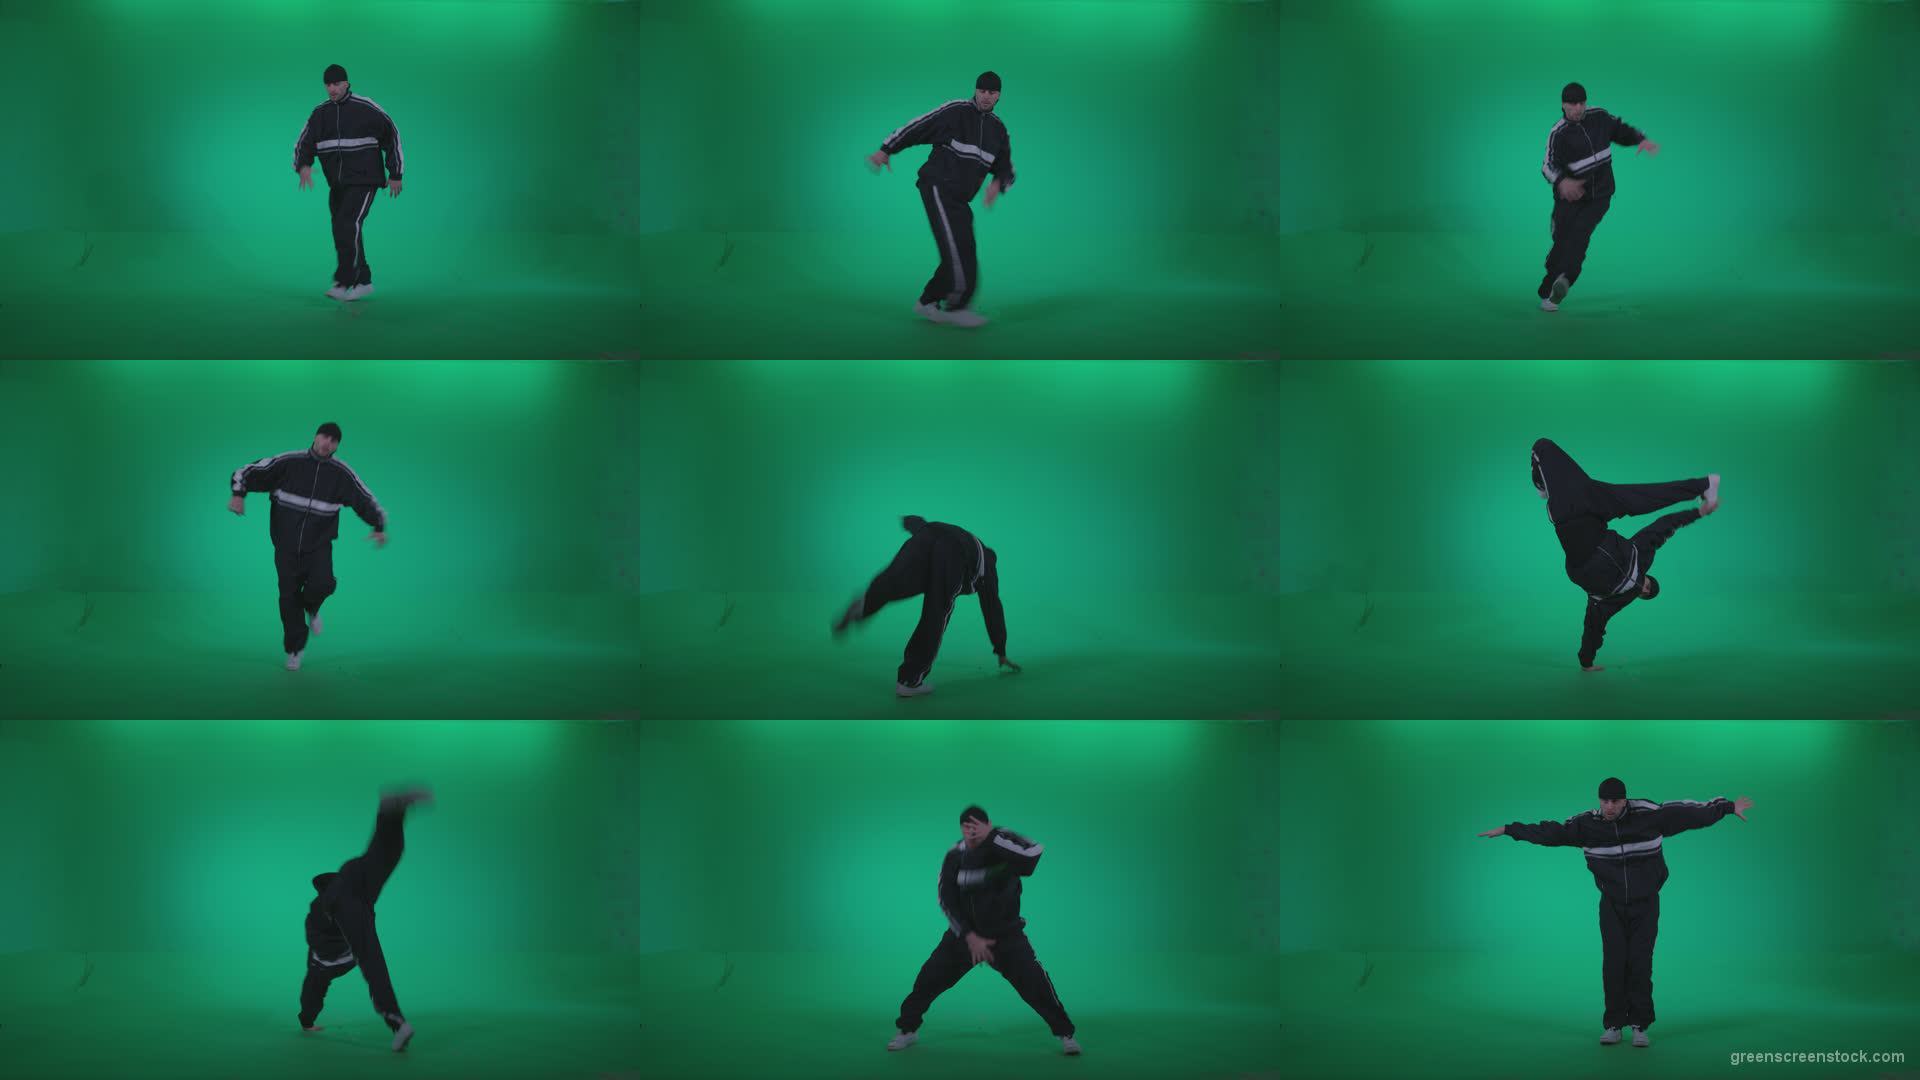 B-Boy-Break-Dance-b16 Green Screen Stock
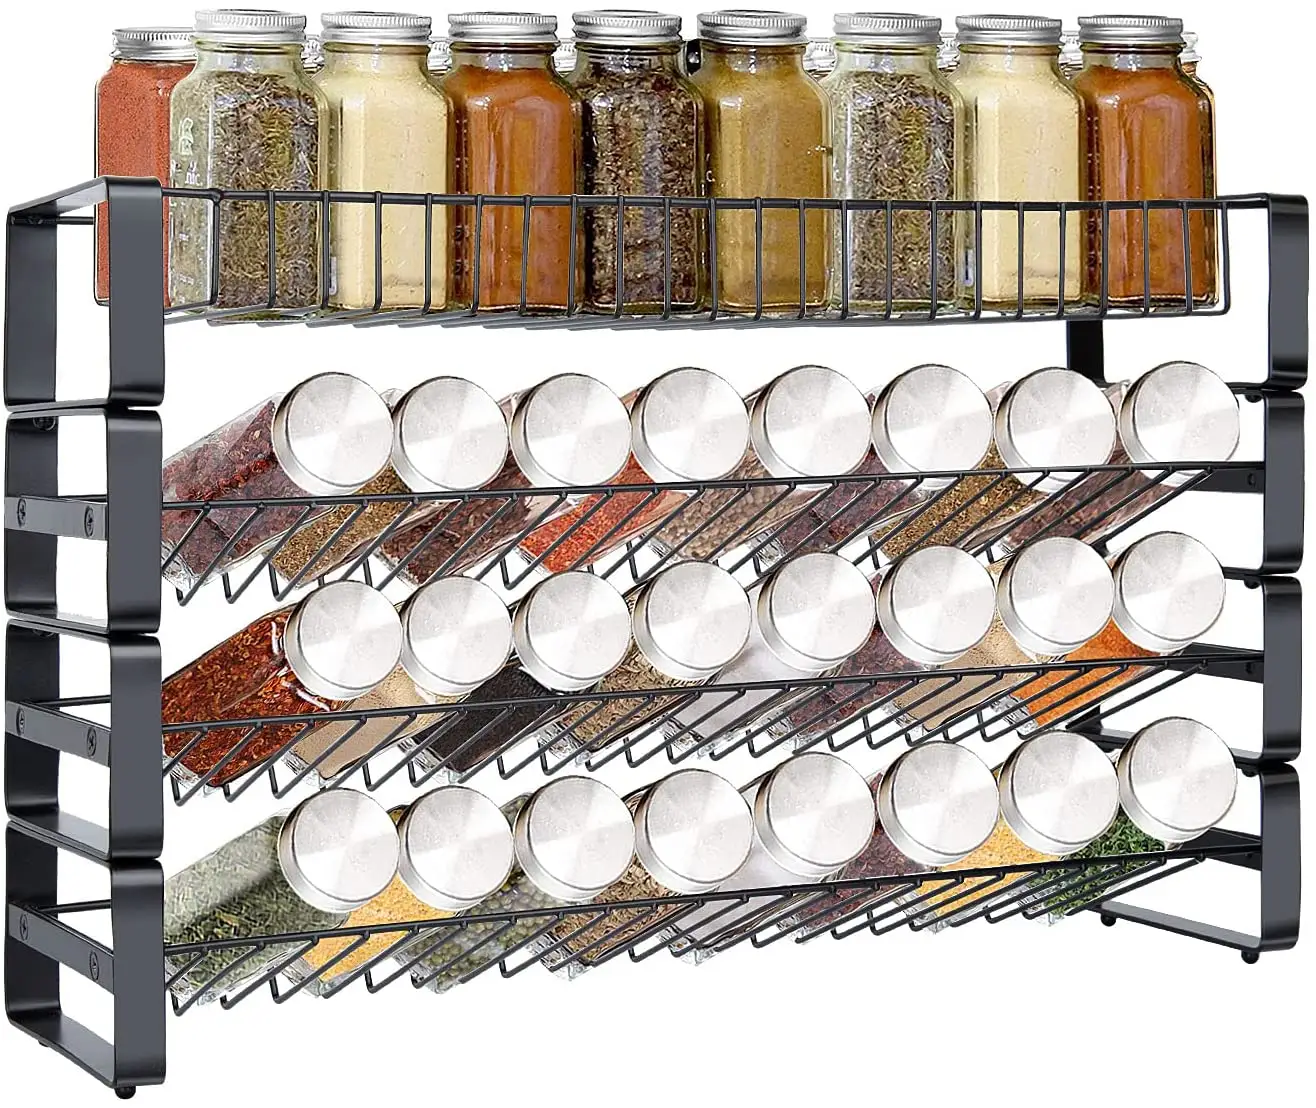 4 Tier Metalldraht Verstellbarer Aufbewahrung halter für Küchen flaschen Jar Spice Rack Organizer
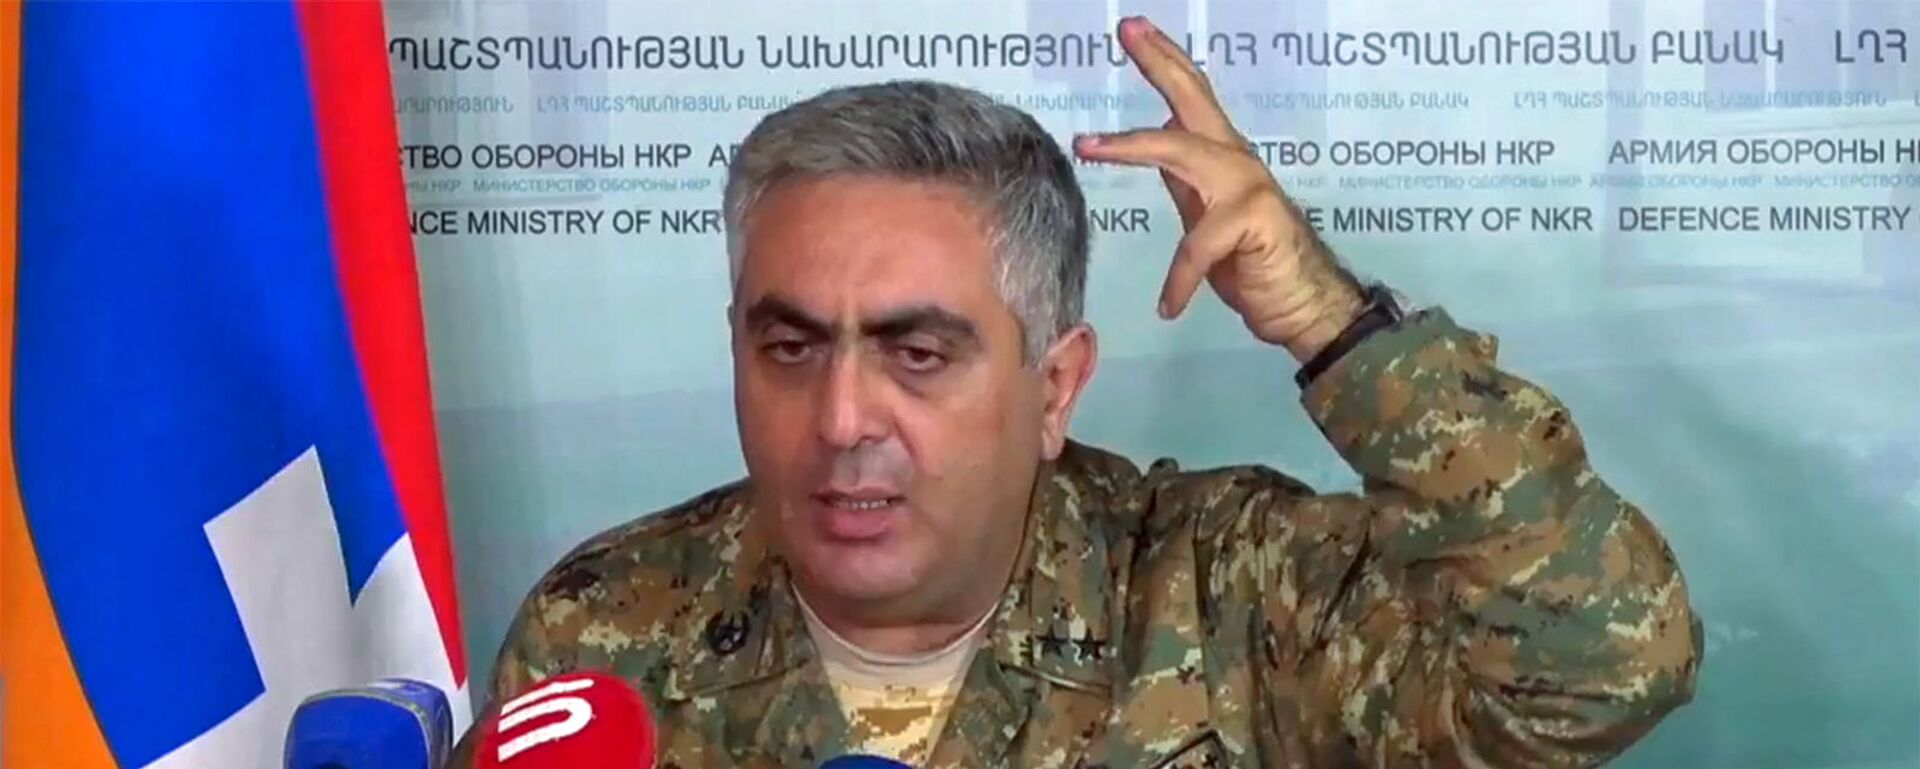 Представитель министерства обороны Армении Арцрун Ованнисян во время брифинга в информационном центре Карабаха (4 ноября 2020). Карабах - Sputnik Արմենիա, 1920, 01.02.2021
........
◆ THE TASK ◆
Copy all the material word for word, minus its pictures.

◆ OUTPUT OF THE EXERCISE ◆
 B-Boy-Break-Dance-b16 Green Screen Stock
 4 Tier Metalldraht Verstellbarer Aufbewahrung halter für Küchen flaschen Jar Spice Rack Organizer
 Представитель министерства обороны Армении Арцрун Ованнисян во время брифинга в информационном центре Карабаха (4 ноября 2020). Карабах - Sputnik Արմենիա, 1920, 01.02.2021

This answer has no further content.